Я частично оглохла на оба уха – был сильный звон, состояние полуобморочное. Все вокруг плыло. Я услышала, как кто-то несколько раз сказал:
По-моему, это часть молитвы. И на самом деле звучит так:
Но в ушах звенело, и мне слышалось в полубреду свое имя в этих словах. К утру боль в ноге усилилась. Я пила обезболивающие таблетки и снотворное. Но боль становилась все страшнее. Едва я задремала, как наша кошка, почувствовав сквозь бинты кровь, пролезла под одеяло и вцепилась зубами мне в правую ногу. Это было ужасно. Я ее прогнала тумаками.

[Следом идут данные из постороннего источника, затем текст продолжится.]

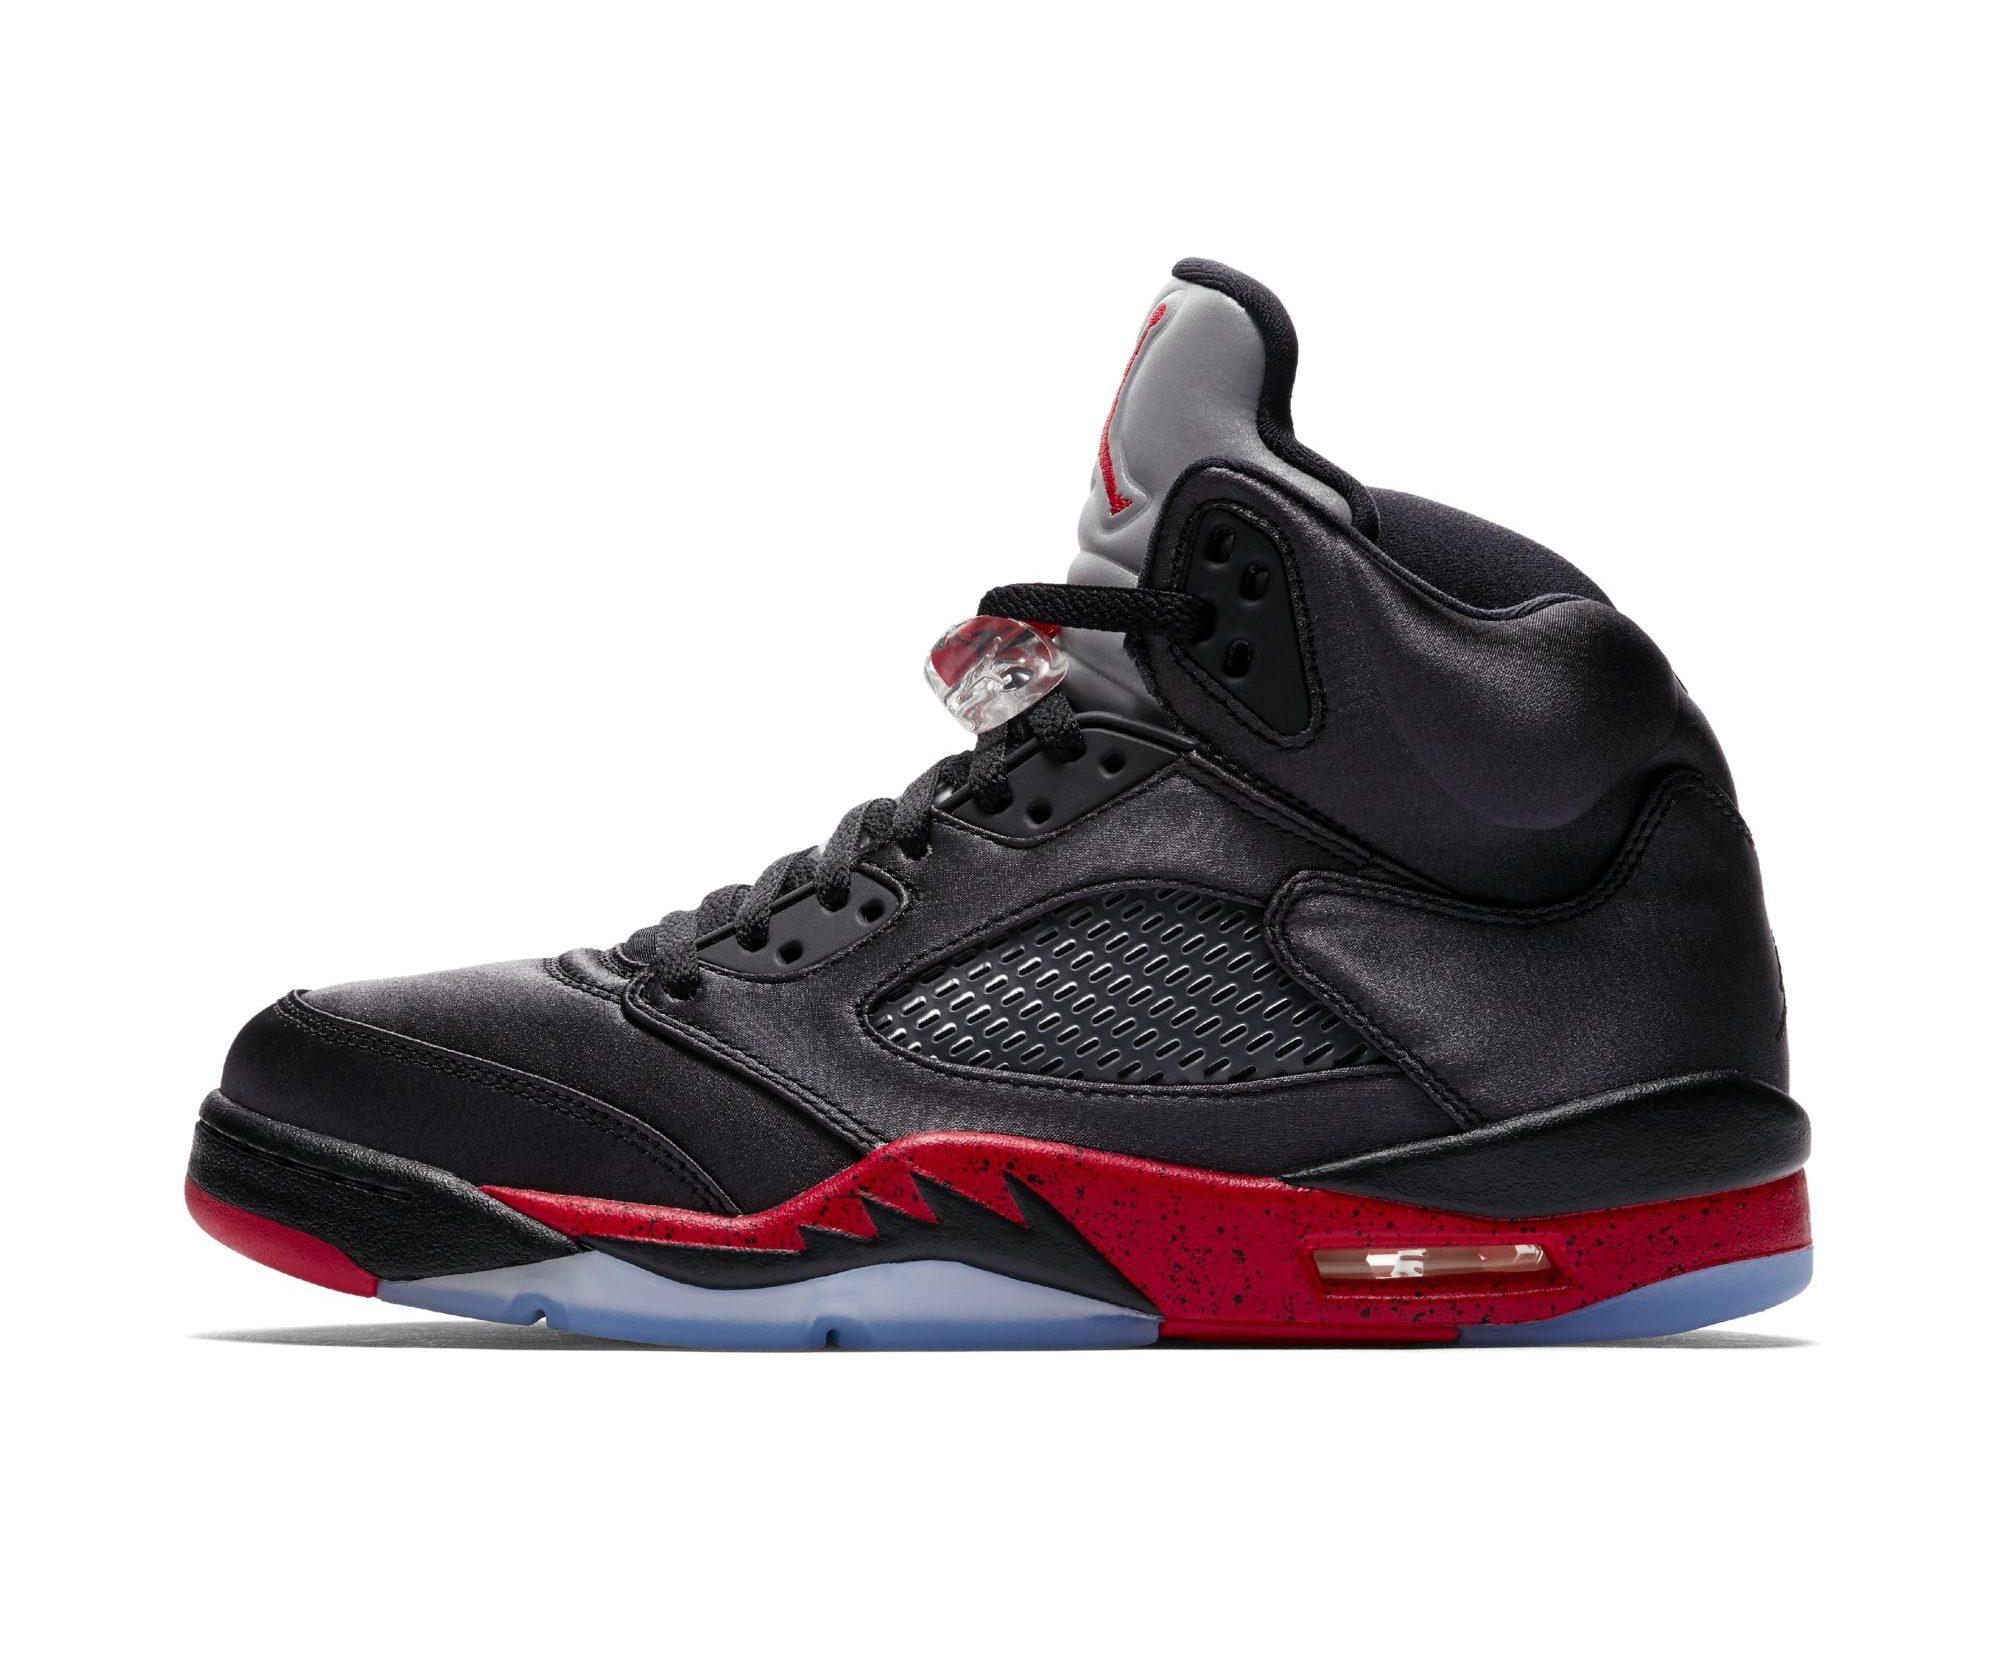 meet 13bee 493df Official Look at the Satin Air Jordan 5 'Black/Red ...

Едва мы позавтракали, мама стала просить соседей отвезти меня к врачам. Верхние жильцы согласились. В их “шестерке” мы отправились в больницу № 9. Врачи сразу объяснили:
– Нужен рентген. Его нет. Отключили электроэнергию, а дизель куда-то пропал в суматохе.

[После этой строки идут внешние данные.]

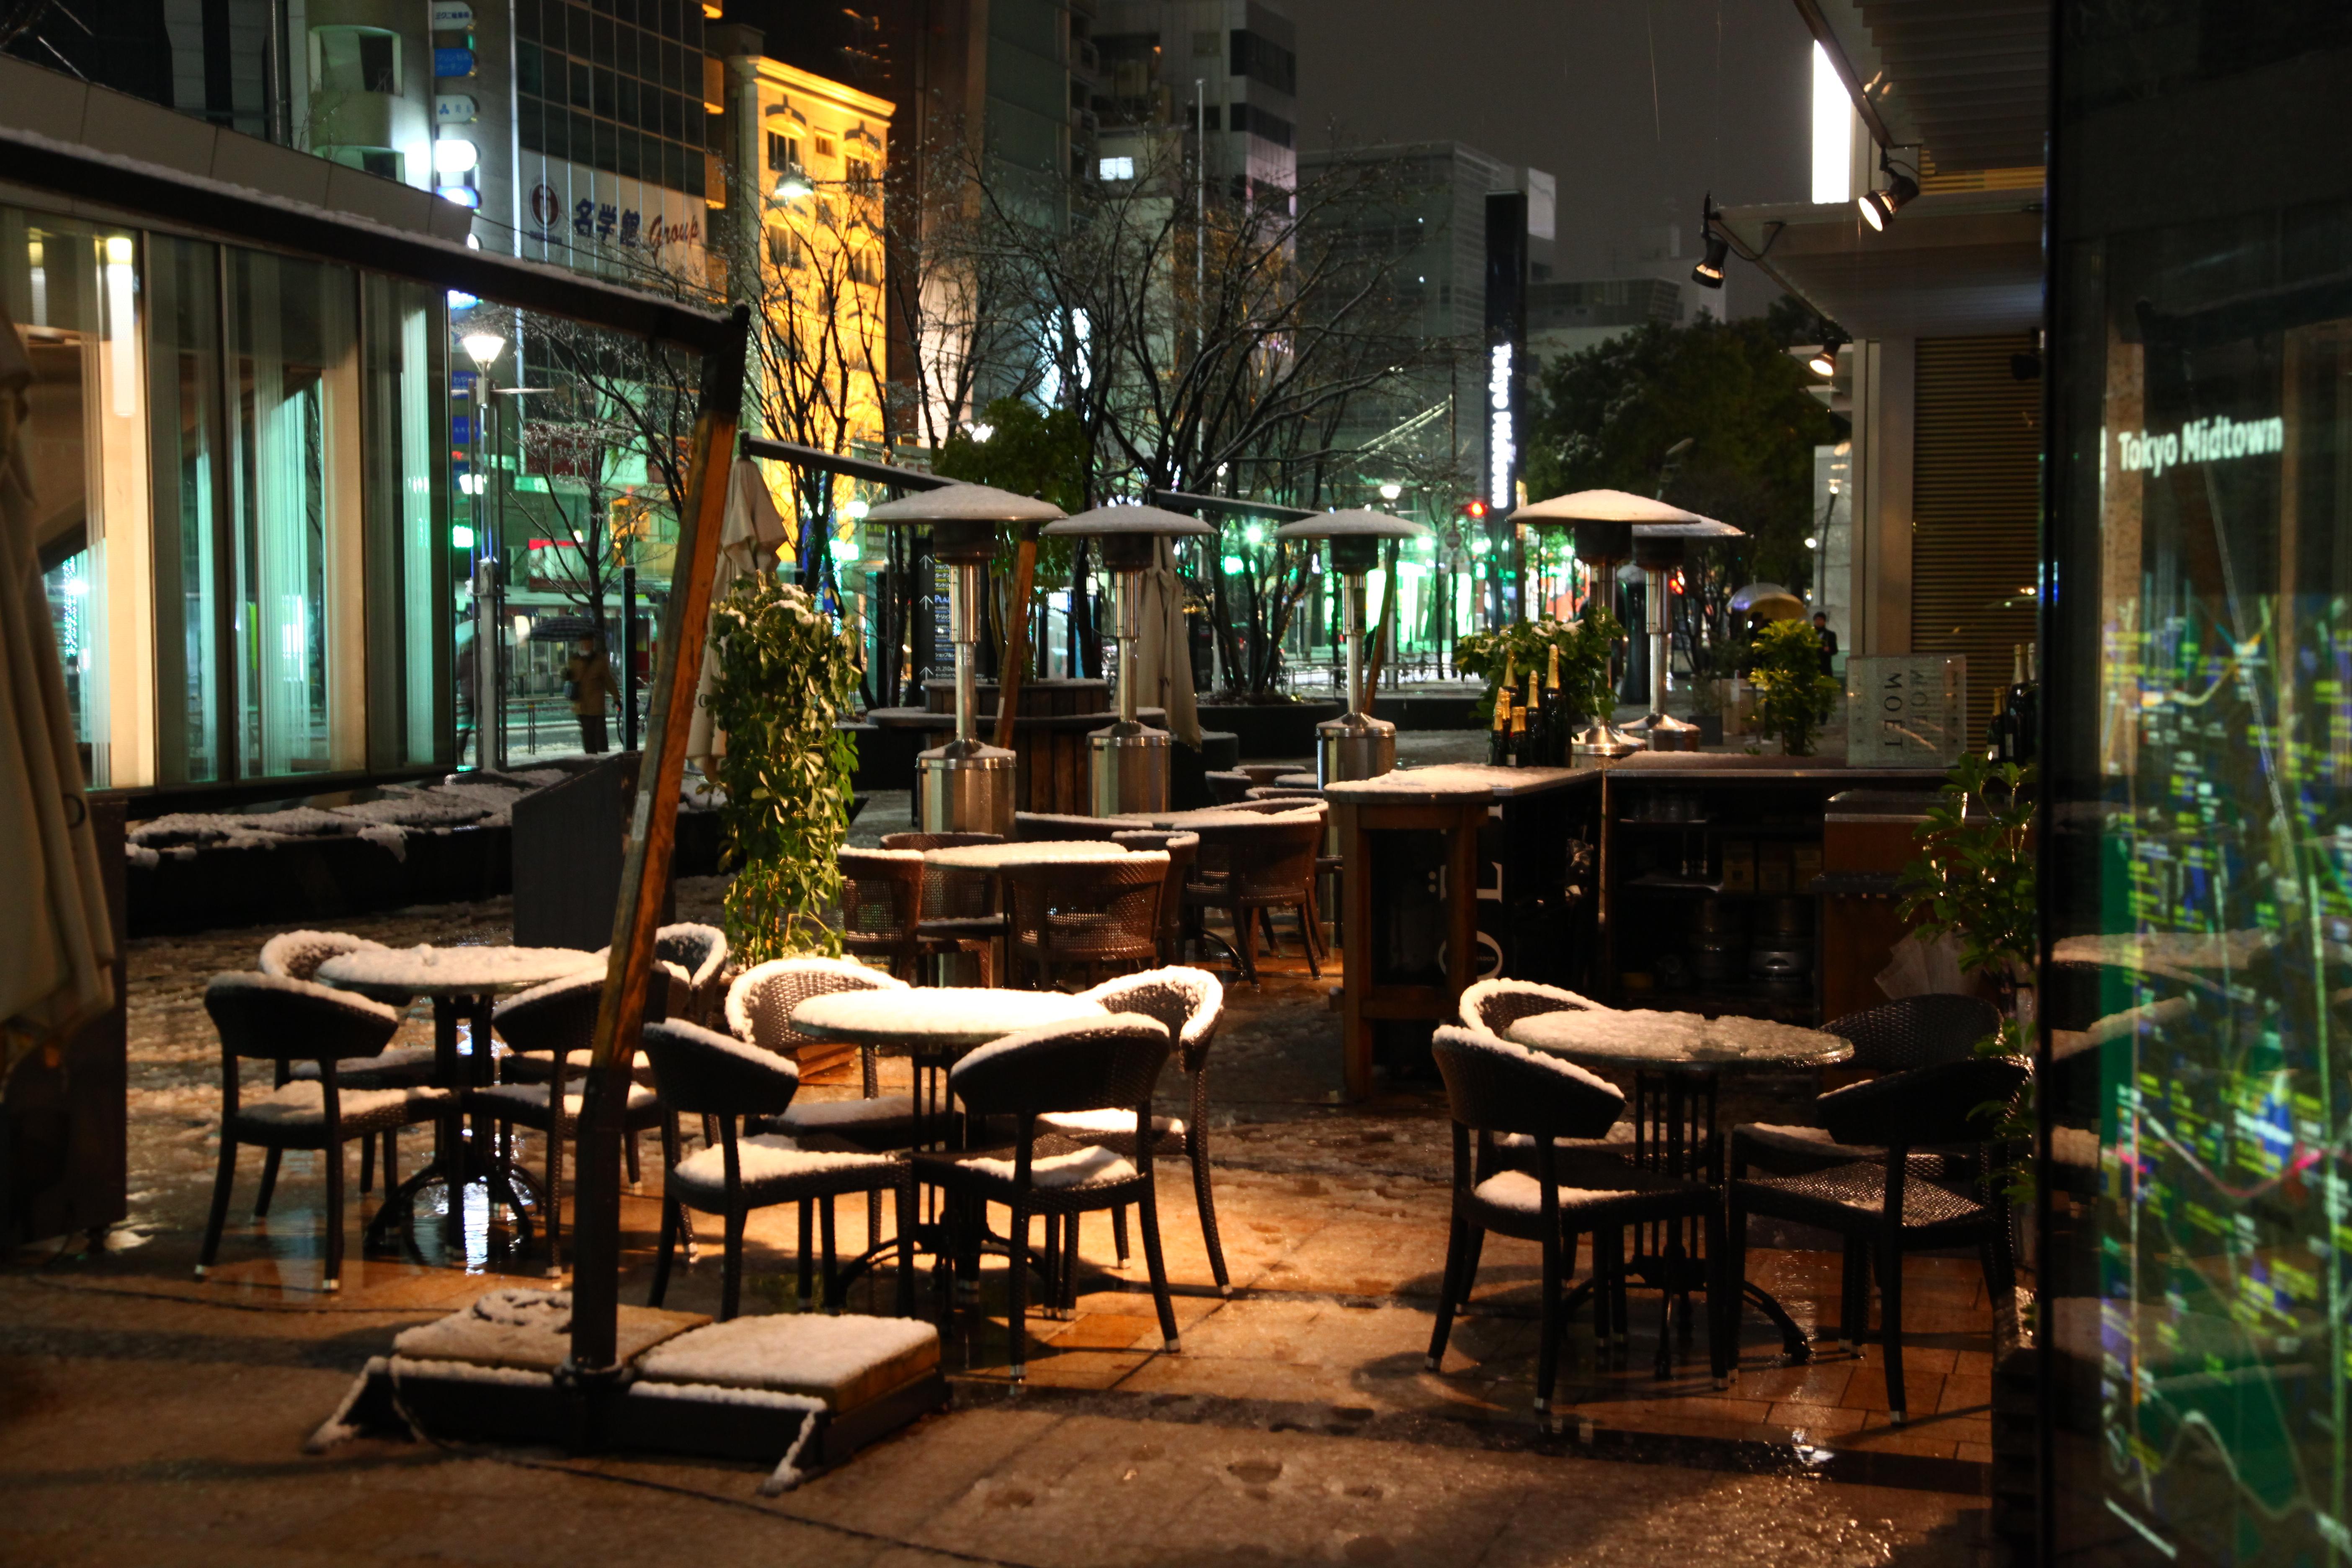 Outside Bar After The Snowstorm Shingopix

Но меня все равно направили в операционную. В операционной, грязной и темной, на первом этаже гулял полосатый кот. Он терся о ножки стула и мурчал. В распахнутых дверях, на пороге стояли заплаканные люди. Все было в крови. Обрывки одежды, какие-то простыни. Бегали люди. Они искали своих родственников и знакомых. Легкораненые ждали в очереди к врачу со вчерашнего дня. Сидя на полу и на стульях. Глухо стонали близкие тех людей, которые уже умерли в больничных стенах. Страшно кричала какая-то чеченка. У нее убило детей. Женщина средних лет просила денег на операцию сыну, на лекарства. Ей подавали.